= Swamini Vato =

The Swamini Vato is a set of quotations and sayings written by Gunatitanand Swami. It is a scripture in the Swaminarayan denomination of the Hindu religion. It was documented in the mid 19th century over the course of Gunatitanand Swami's 40 year tenure as the Mahant of Junagadh Mandir.

Gunatitanand Swami

== Philosophy ==
Through his talks, Swamini Vato, Gunatitanand Swami gave advice for every aspect of life and beyond. Topics ranged from the glory of God, and how to gain spiritual knowledge, to how to attain peace and happiness. The scripture is believed to have discussed the value of human life itself.

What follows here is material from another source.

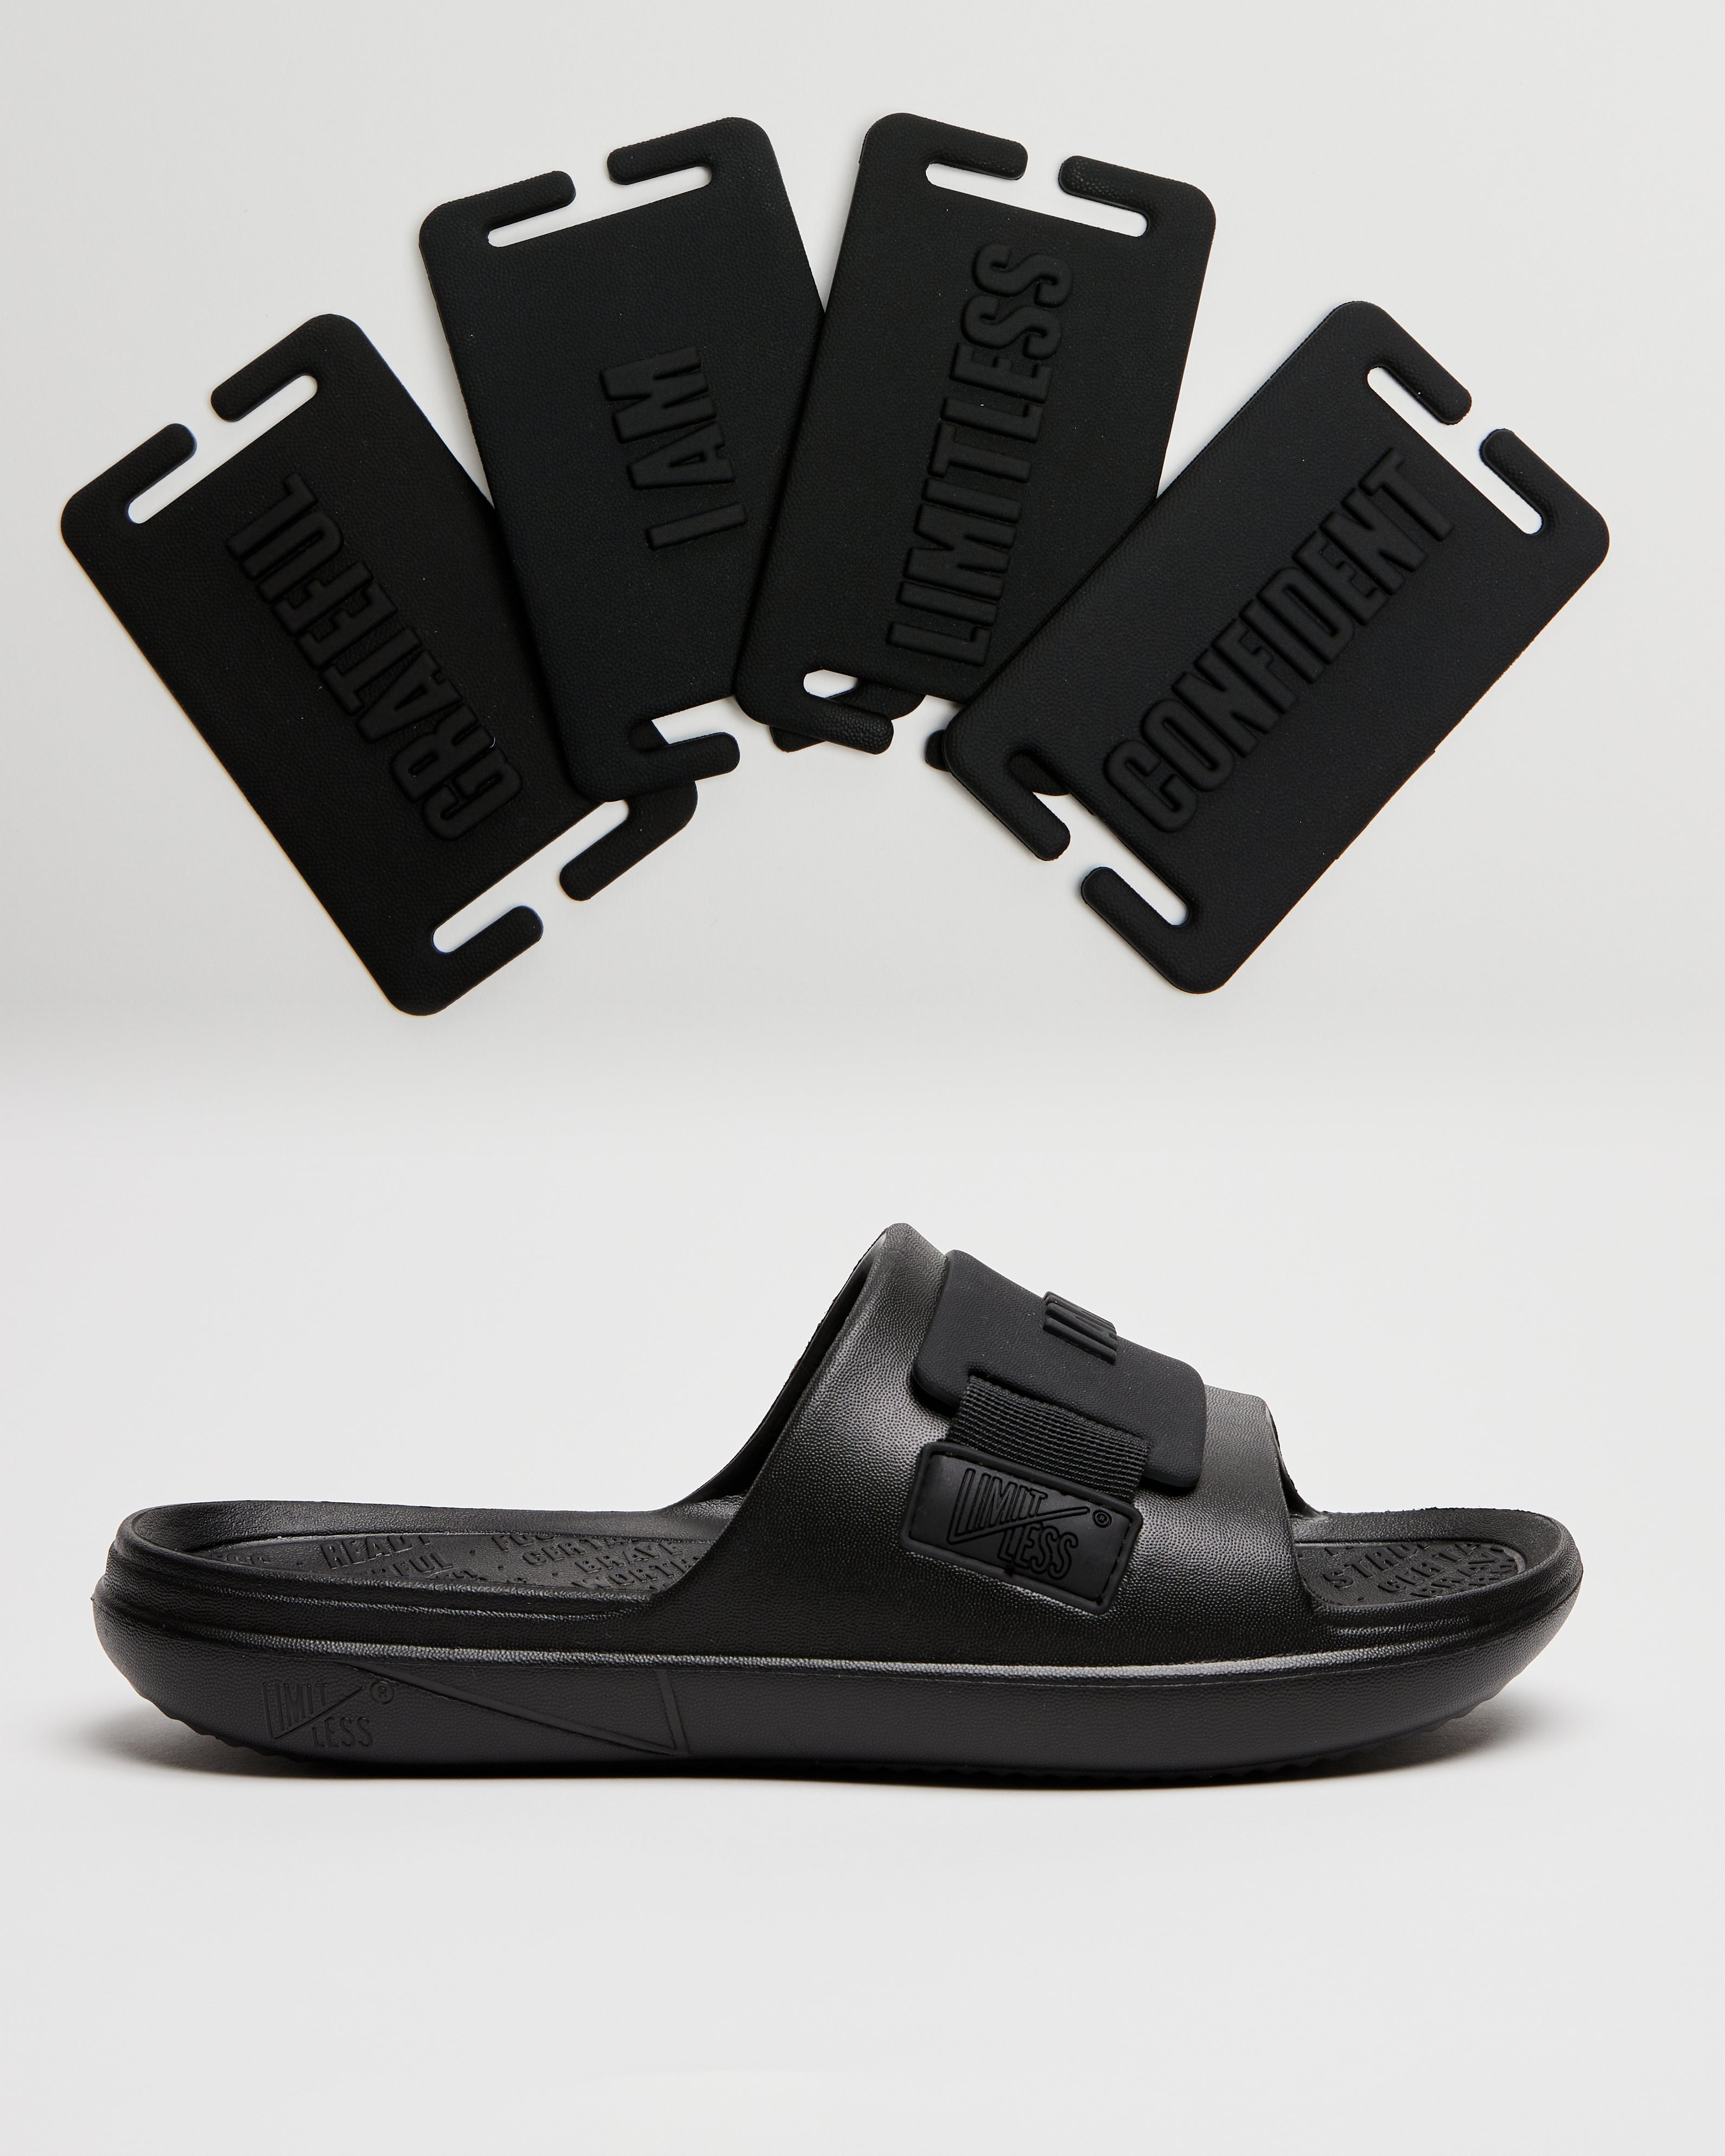 LIMITLESS SLIDES™ WITH ESSENTIAL TIBAH™ QUAD - FOSSIL RIDGE HIGH SCHOOL EDITION

== Compilation and publishing ==
When Gunatitanand Swami delivered discourses, devotees took notes on his talks. The notes were later studied by Achintyanand Brahmachari, after being asked by Gunatitanand Swami to continue giving discourses on these topics. At this point, the Swamini Vato was officially dubbed a scripture by the Swaminarayan Sampradaya. The original set of Vatos has 5 prakrans (chapters) and was compiled by Balmukunddas Swami, who was a disciple of Gunatitanand Swami.

The BAPS sect has published a new edition of the Vatos which includes the addition of two more prakrans compiled by Krishnaji Ada, another disciple of Gunatitanand Swami, based on claims of the latest research and critical study of the original text.